Scientists at Nanyang Technological University (NTY) are claiming to have discovered a next-gen solar cell material that not only can convert light to electricity, but emit light too.
The discovery happened by chance when NTY physicist Sum Tze Chien asked his postdoctoral researcher Xing Guichuan to shine a laser on a new hybrid solar cell they were working on that was made from the material perovskite.
The solar cell glowed brightly, much to the team’s surprise, as this technology is known to be better at absorbing light rather than generating it.
“What we have discovered is that because it is a high-quality material, and very durable under light exposure, it can capture light particles and convert them to electricity, or vice versa,” said Assistant Professor Sum, a Singaporean scientist at NTU’s School of Physical and Mathematical Sciences (SPMS).
Worth noting: The light can also change colors.
“By tuning the composition of the material, we can make it emit a wide range of colors, which also makes it suitable as a light-emitting device, such as flat-screen displays,” Sum added.

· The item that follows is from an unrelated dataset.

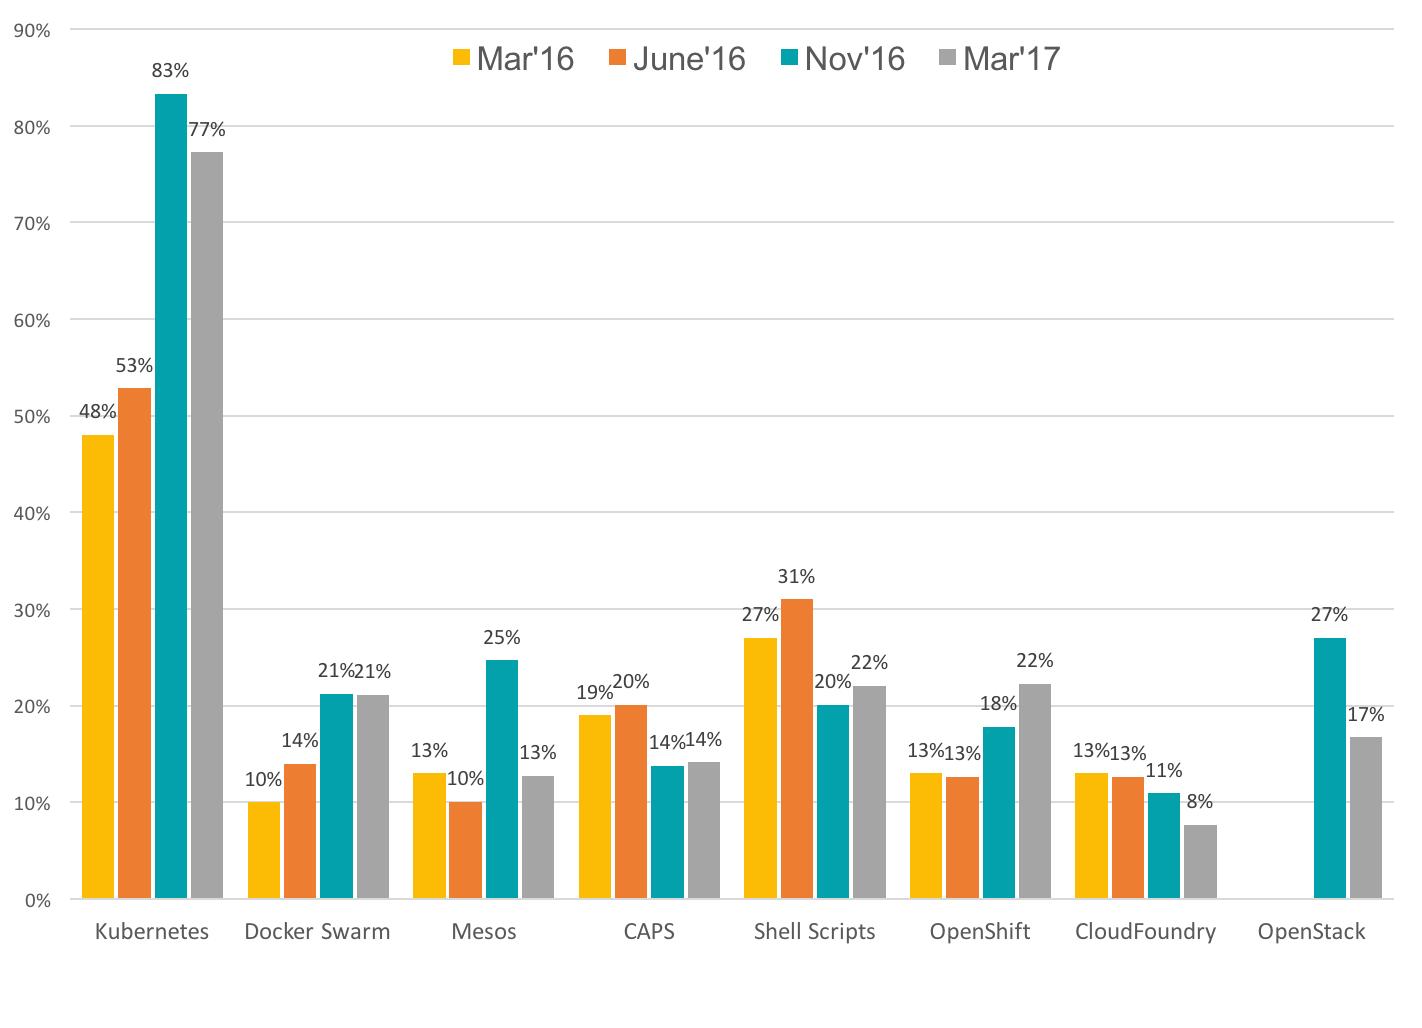 Figure 1: Container Management Platforms Preferences

The team expects the new material to be easily incorporated into existing technologies like smartphones, tablets, outdoor displays, and more.
“What we have now is a solar cell material that can be made semi-translucent. It can be used as tinted glass to replace current windows, yet it is able to generate electricity from sunlight,” said Sum’s research partner, Assistant Professor Nripan Mathews, from the School of Materials Science and Engineering (MSE) and the Energy Research Institute at NTU (ERI@N).
“The fact that it can also emit light makes it useful as light decorations or displays for the facades of shopping malls and offices,” said Dr. Mathews, who is also the Singapore R&D Director of the Singapore-Berkeley Research Initiative for Sustainable Energy (SinBeRISE) NRF CREATE program.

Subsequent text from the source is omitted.